I had encountered a similar kind of retelling of history in a Daaba while heading back home. I don’t know whether this was a coincidence or people were sharing a collective history with each other as there seemed to be a semblance between what transpired during 1989 and 1990 and the government’s response through mysterious policies being implemented at ground-level within a 24-hour span, all of which, in their summation, had seemed suspicious and sketchy to the local population.
“Today we are blamed for throwing out the Pandits when all of that was organized by the central government and now after another twenty to thirty odd years, our children will be blamed for throwing out tourists and Yatris, even when all of this is being done at the behest of the central government,” Touath added.

As Touath kept sharing oral history and giving predictions for the future, I reached my locality and deboarded the bus at my stop.

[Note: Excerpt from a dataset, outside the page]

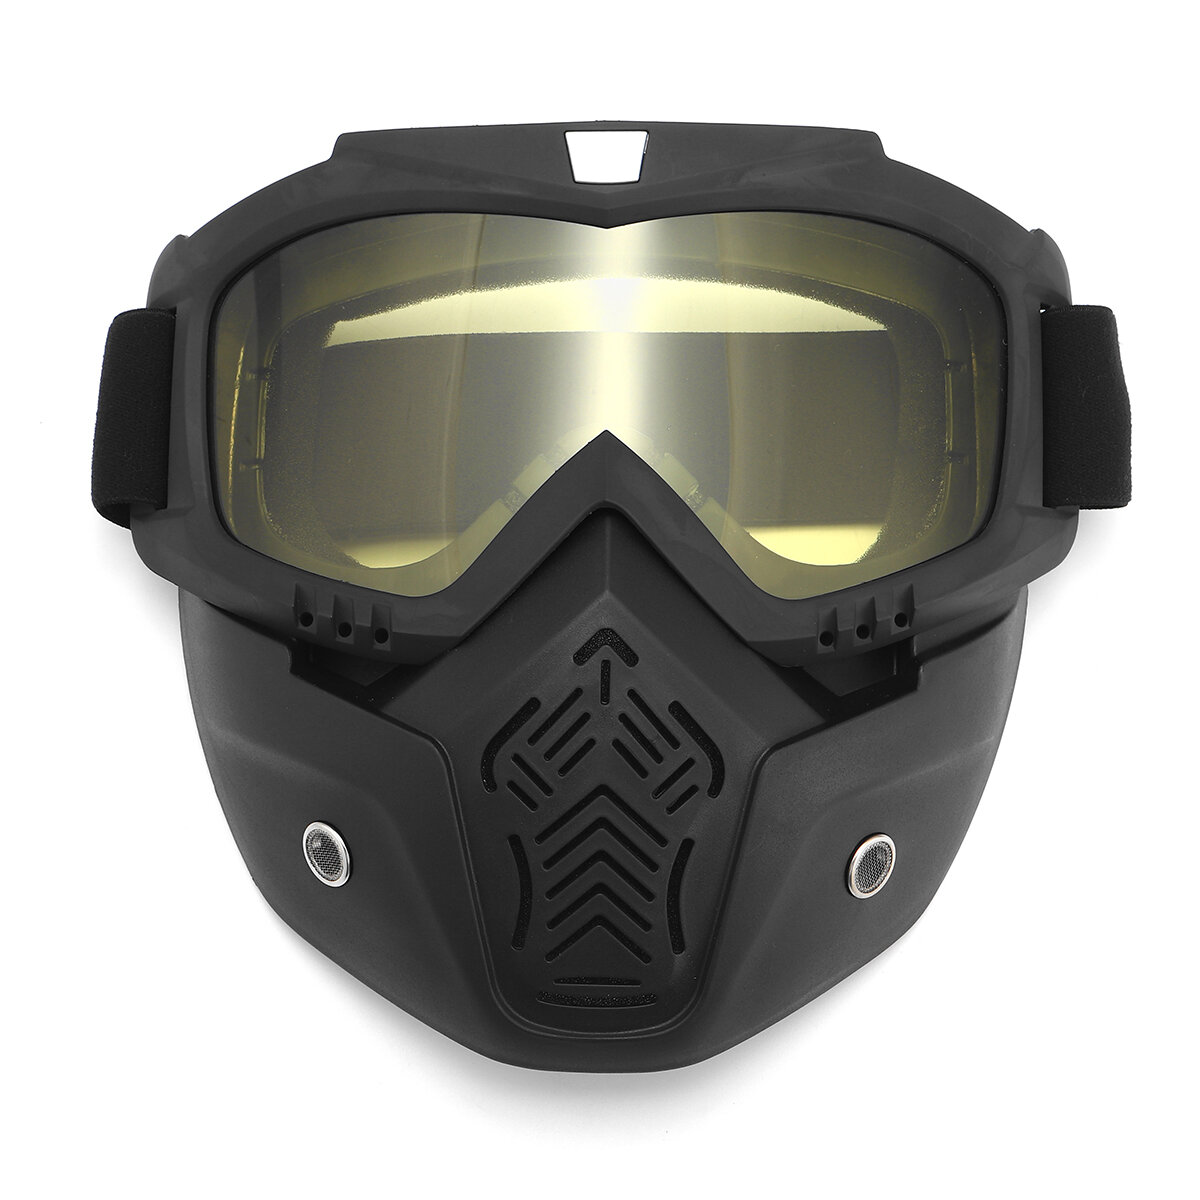 Motocykl helma maska štít brýle otevřené tvář kolo Motocross brýle motorka

At home, everyone was tense and waiting for further developments on this new and unprecedented situation. The developments—a code-name for anything implemented by the government that severely impacted quotidian life in Kashmir—a day later on August 4th arrived as a major disappointment. With a telecommunications and an Internet blockade in effect, the whole state of Jammu and Kashmir was put under indefinite lock-down, which continues till today, entering its 3rd month, and having begun with the arrest of various pro-India and pro-freedom leaders and their associates.
The next day, the fear of the people became an untamable reality. On August 5th, the ruling Indian party, the BJP (Bhartiya Janata Party) revoked Article 370 and Article 35A from the Indian constitution that guaranteed autonomy to the Muslim-majority state of Jammu and Kashmir, through what several political commentators have called illegal and unconstitutional means, resulting in the split of the state into two union territories, namely Jammu & Kashmir, and Ladakh.

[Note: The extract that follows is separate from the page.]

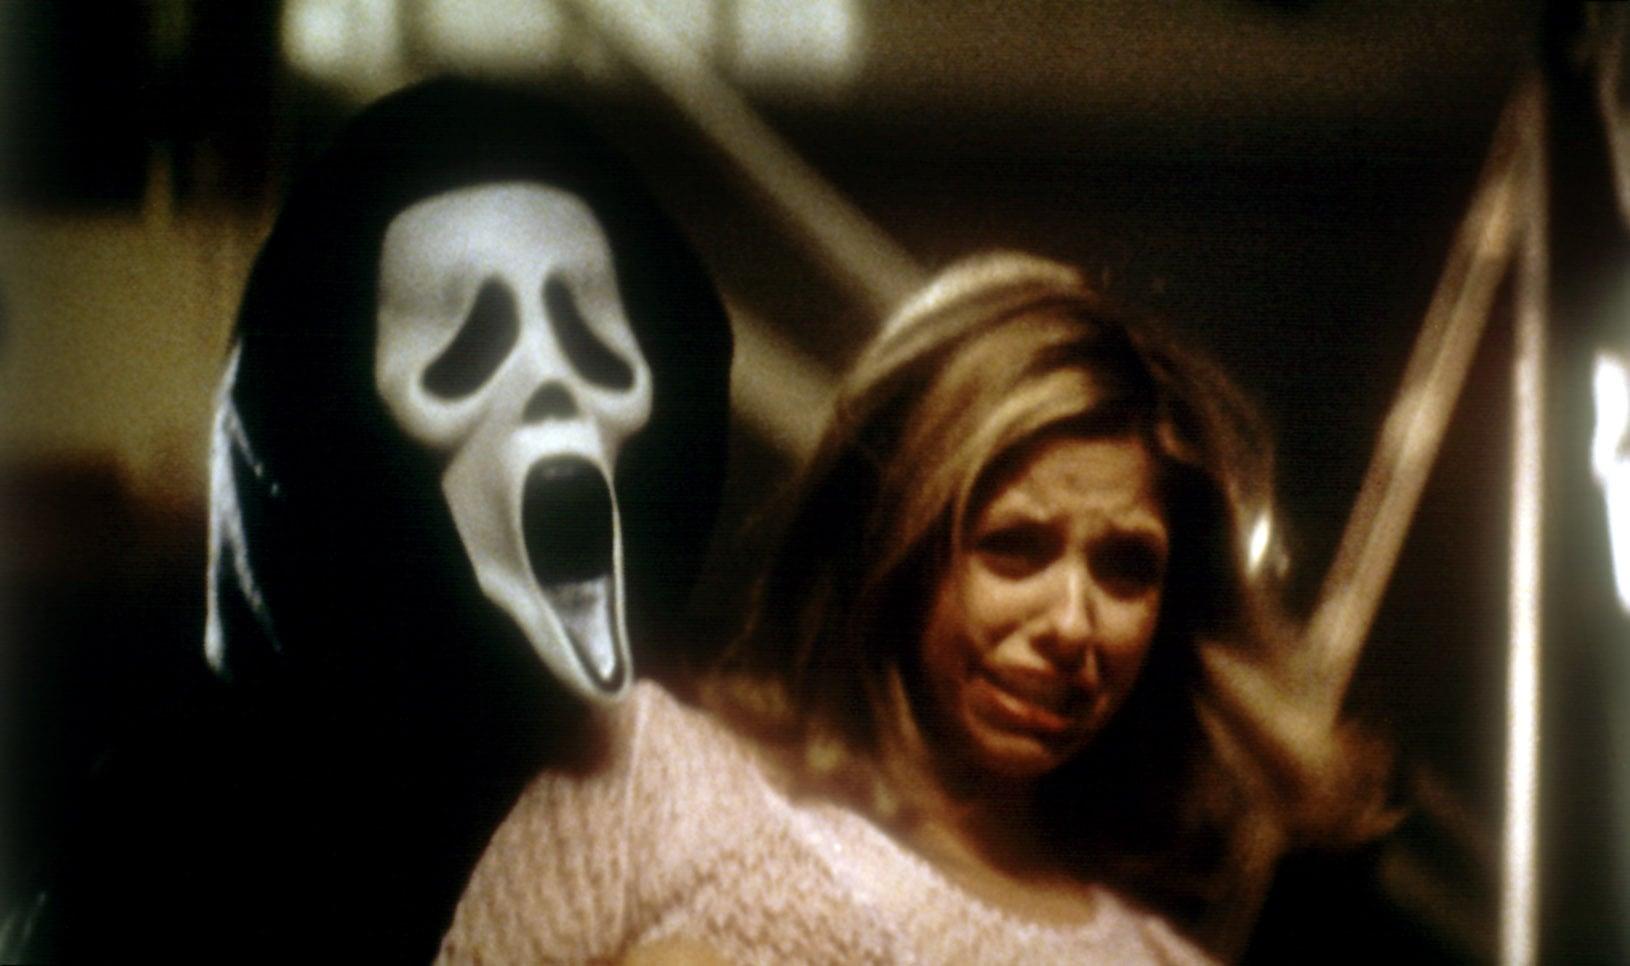 SCREAM 2, Sarah Michelle Gellar, 1997, mask

That night, amid the havoc and disorderliness, news of increasing military presence on both sides of the Line of Control (between India and Pakistan administered Kashmir), catalysed a new wave of madness and strain felt across the Valley’s homes, businesses and places of public gathering. Today, as the Valley continues to face the lock-down and communications blackout, we live in panic, terror and alarm, in a state of continued besiegement. Most of our schools and colleges are occupied by Indian armed soldiers, campuses are filled with AK-47s and war arsenal, and the economy has worsened exponentially. Food, produce, medical supplies and basic essentials, including petrol, are hard to get to during the normal work hours from early morning till late evenings. The harvest, dry fruits and nuts, grain and agricultural sectors overall have suffered severe damages. There is no access to healthcare even for newborn babies, and people who were generating employment for youth three months earlier are left with no option but to migrate and seek employment outside Kashmir. People from rural villages are seen hitchhiking on the highway trying to get to city hospitals and specialty clinics for treatment that they cannot get in their own areas. All this while there is heavy circulation of military vehicles on the roads, with troopers placed on every major intersection as drones habitually fly over villages and city areas.

The situation, presently, is worse than ever. Around eight million people are caged in the world’s most beautiful prison, Kashmir. Their crime is that they have never failed to show resistance towards those who try to overpower them by coercive and undemocratic means.